In particular, HMI researchers have been working hard to maximize the naturalness of the interaction itself by reducing the gap between the cognitive and emotional model behind human behavior and the machine awareness of “what is going on” during the task accomplishment. This asks for development of expert systems, able to manage large amount of information coming from sensory activity, to intelligently process it, and to promptly and knowledgeably respond to human actions according to natural interaction standards and by means of suitable actuary devices. Information processing therefore plays a central role from this perspective, operating at different levels, from multimodal digital data manipulation to semantic meta data processing, and necessarily encompassing the most challenging computational intelligence paradigms for contextual adaptation, social-emotional competence, and cognitive reasoning abilities.

This Special Issue is fully devoted to propose the most recent and stimulating advances within the multidisciplinary area of cognitive and emotional information processing for HMI. It collects eight original contributions, which cover some of the aforementioned topics providing to the reader an insightful panoramic view of the research achievements and open issues in the field of interest. The present papers are the result of a rigorous review procedure applied to the fifteen articles initially submitted.
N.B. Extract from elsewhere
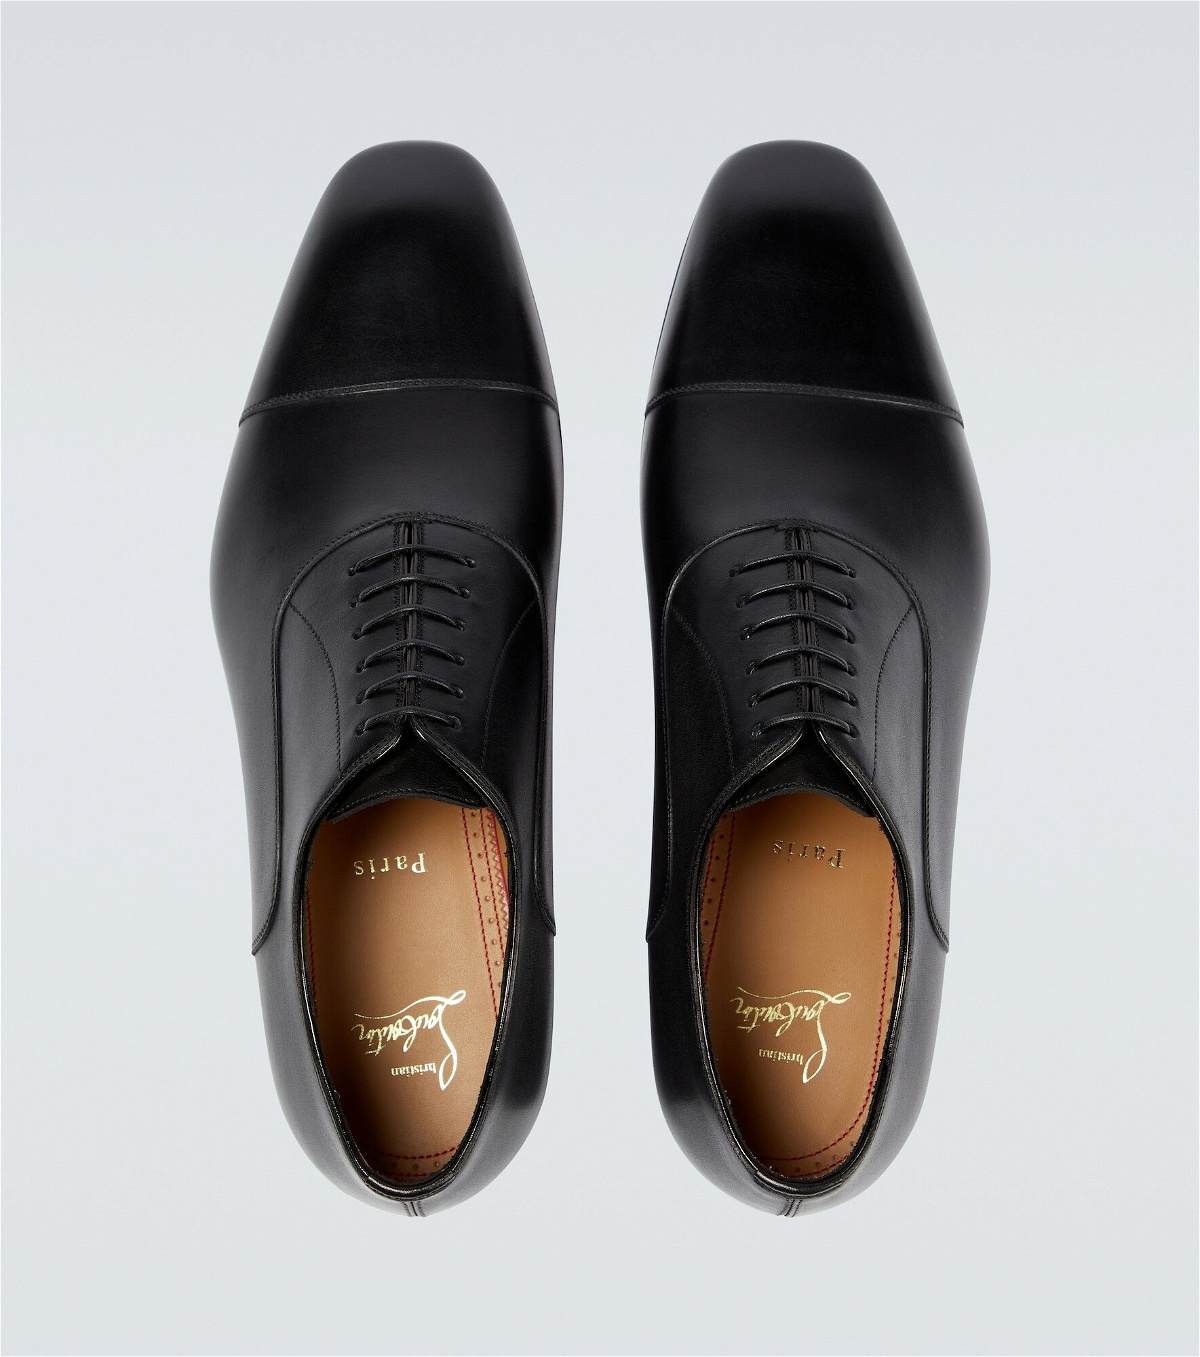 Christian Louboutin - Greggo leather Oxford shoes Christian Louboutin

At least three independent experts have been involved for each paper (more than 50 in total) and up to four review rounds have been performed before final acceptance for publication.

The first two contributions deal with the processing of one of the widely used medium signals in HMI applications, namely speech, in order to suitably detect spoken activity in interactive environments.
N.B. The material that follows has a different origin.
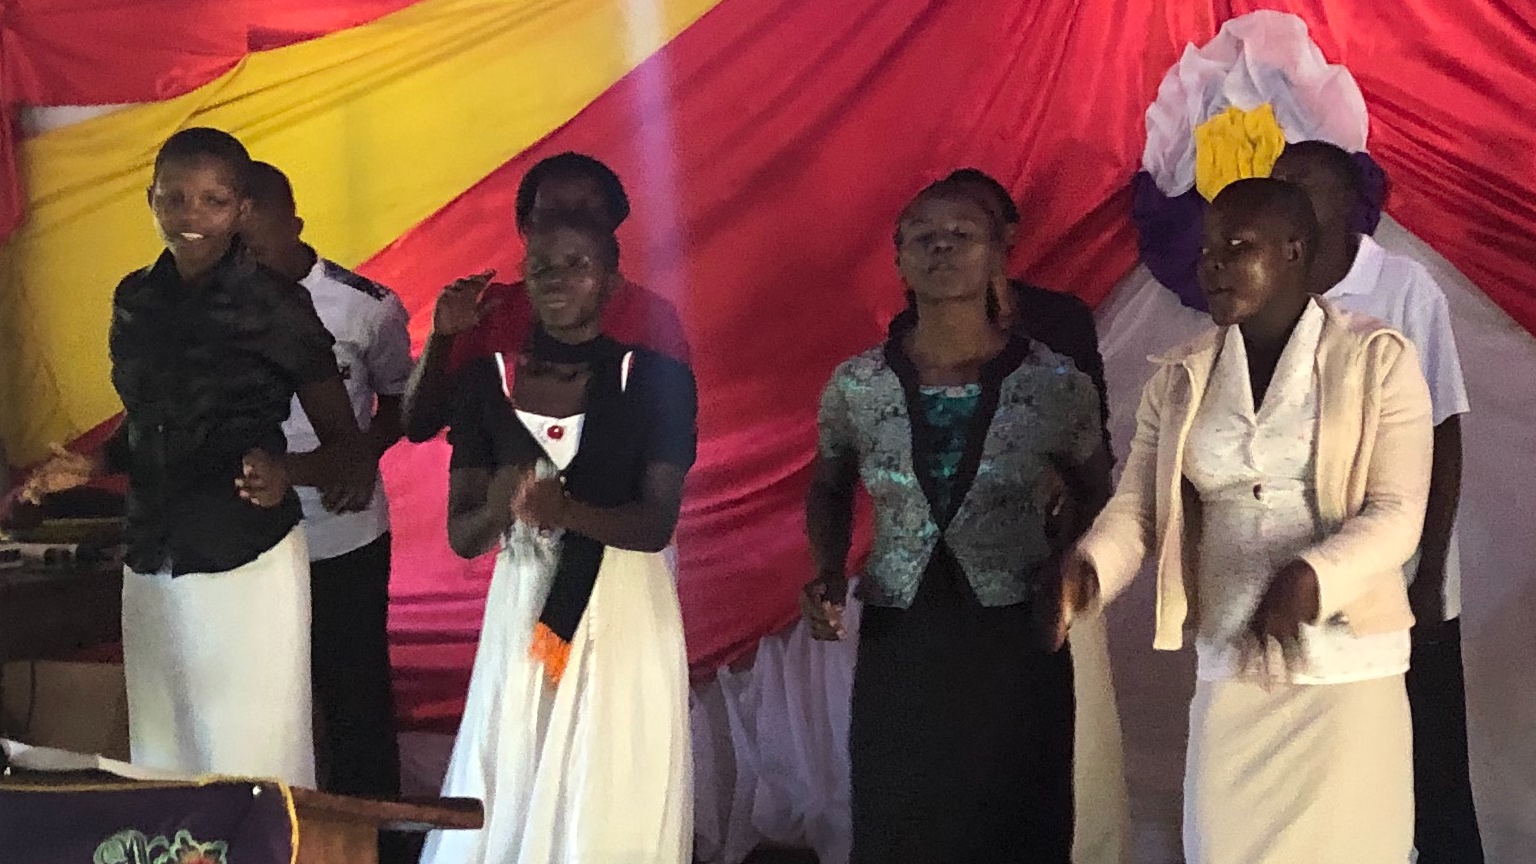 Uganda 102019 church service.jpg

In the work of Principi et al., an innovative person activity detection algorithm operating in reverberated environments and in the presence of multiple sources is proposed. It is composed of two main stages, both operating in real-time: the speech enhancement front-end and the activity detector. The former is able to reduce the distortions introduced by room reverberation, thus improving the speech quality for each speaker and consists in three cooperating blocks, which fulfill three fundamental tasks: speaker diarization, room impulse responses identification, and speech dereverberation. The activity estimation algorithm is based on bidirectional long short-term memory networks, performing context-sensitive activity classification from audio features computed via the real-time speech feature extraction toolkit open SMILE. The authors report in their paper the results obtained through an extensive experimental session where the AMI database has been employed, showing the positive behavior of the proposed algorithmic framework.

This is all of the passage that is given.